Best Practices for Using <echo>

  1. Debug Complex Logic: Use <echo> to debug variables and complex expressions, especially when using scripts or database sources to generate data dynamically.
  2. Monitor Data Generation: Track the progress of your data generation by echoing values at key points in your setup.
  3. Combine with Variables: You can use variables and expressions within the text of <echo> to output dynamic content during the generation process.

<generator>

The <generator> element specifies custom generators for data generation.

Attributes

  • name: Specifies the name of the generator.
  • generator: Specifies your custom generator.

Example

1
2
3
4
5
6
7
8
<setup>
    <generator name="my_custom_date_gen" generator="DateTimeGenerator(min='2010-08-01', max='2020-08-31', input_format='%Y-%m-%d')"/>
    <generate name="product">
        <key name="product_name" type="string"/>
        <key name="import_date" generator="my_custom_date_gen"/>
        <key name="export_date" generator="my_custom_date_gen"/>
    </generate>
</setup>

<element>

The <element> element specifies child elements within an XML node, making it useful for generating nested XML structures. The name of the <element> tag becomes an XML attribute, and the generated content becomes the attribute's value.

Attributes

  • name: Specifies the name of the child XML element or attribute. This is mandatory.
  • script: Specifies a script to dynamically generate the value of the element.
  • constant: A constant value for the element, if no dynamic generation is required.
  • values: A list of possible values to randomly select from, if applicable.

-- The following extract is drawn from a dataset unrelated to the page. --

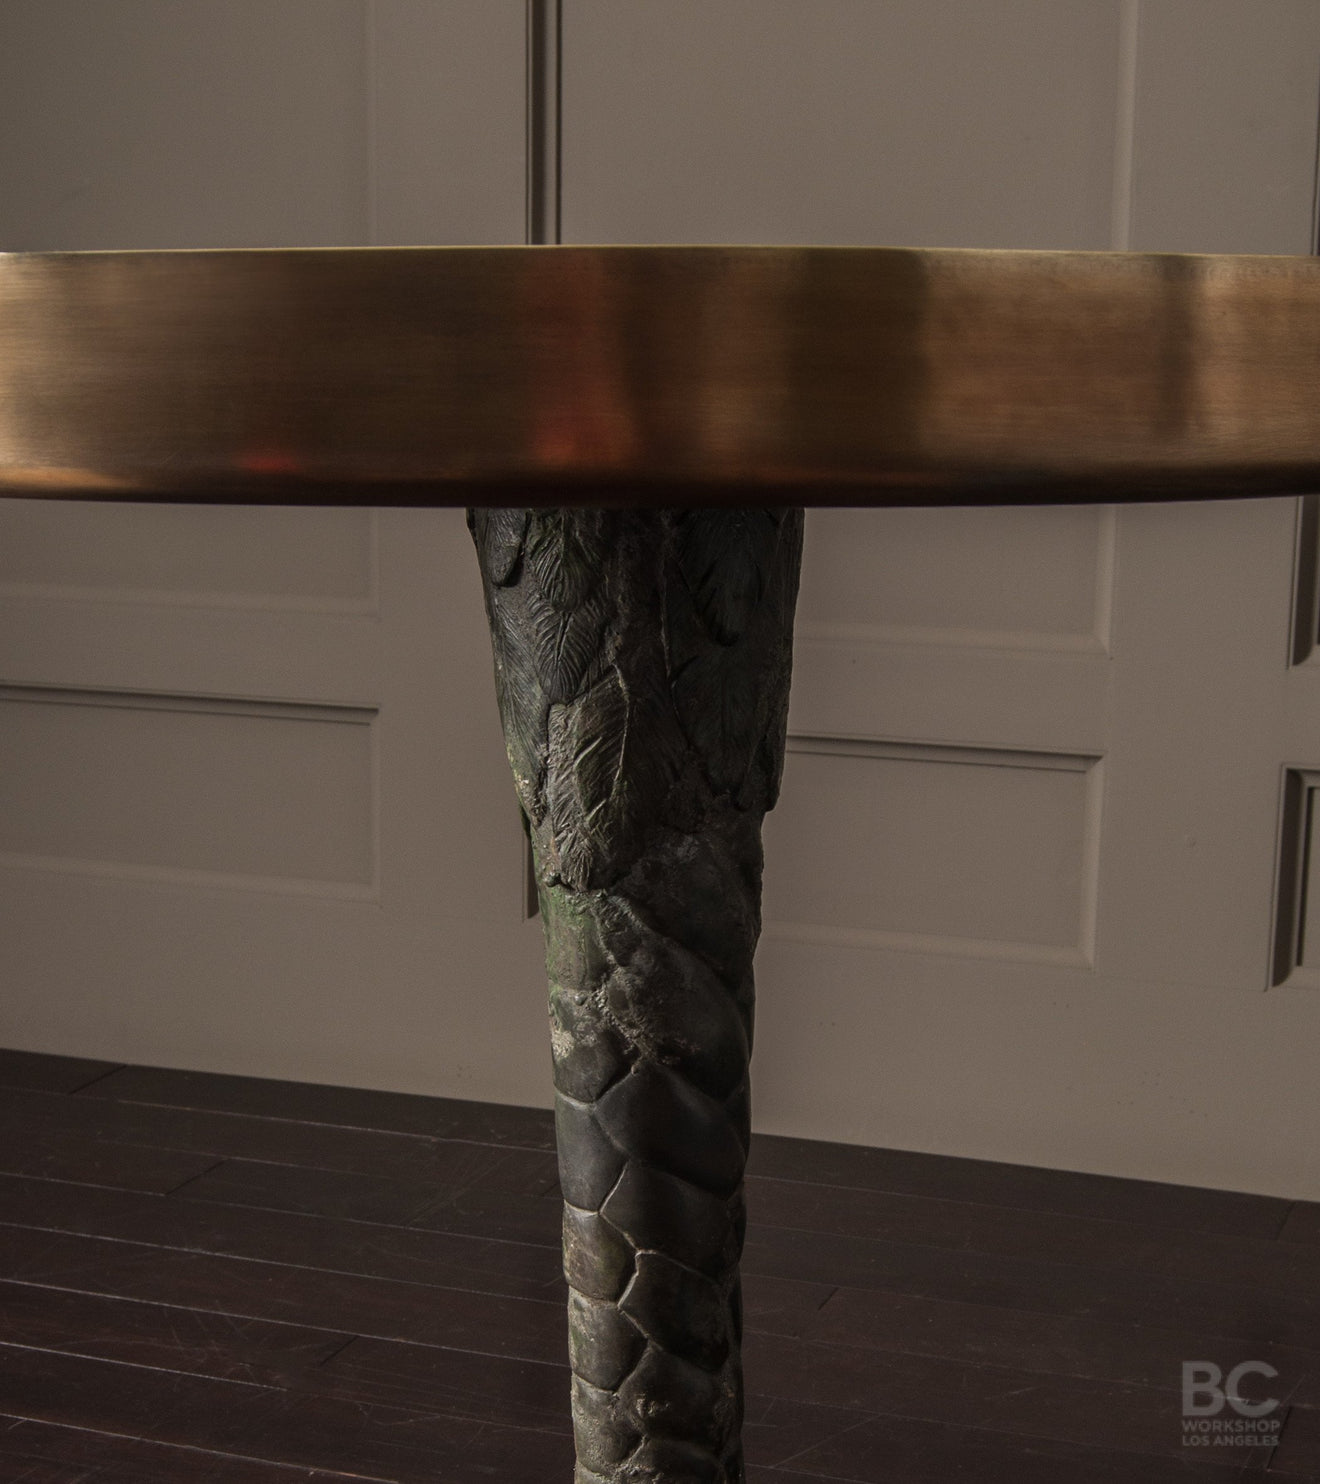 Talon Table with Brass Top

Example 1: Simple XML Generation

 1
 2
 3
 4
 5
 6
 7
 8
 9
10
<setup>
    <generate name="generate_xml" count="2" target="XML">
        <variable name="person" entity="Person"/>
        <key name="author" script="None">
            <element name="name" script="person.name"/>
            <element name="gender" script="person.gender"/>
            <element name="birthdate" script="person.birthdate"/>
        </key>
    </generate>
</setup>

In this example:

  • The author key creates an XML node, and each <element> within defines attributes (such as name, gender, birthdate) populated with the values generated from the person entity.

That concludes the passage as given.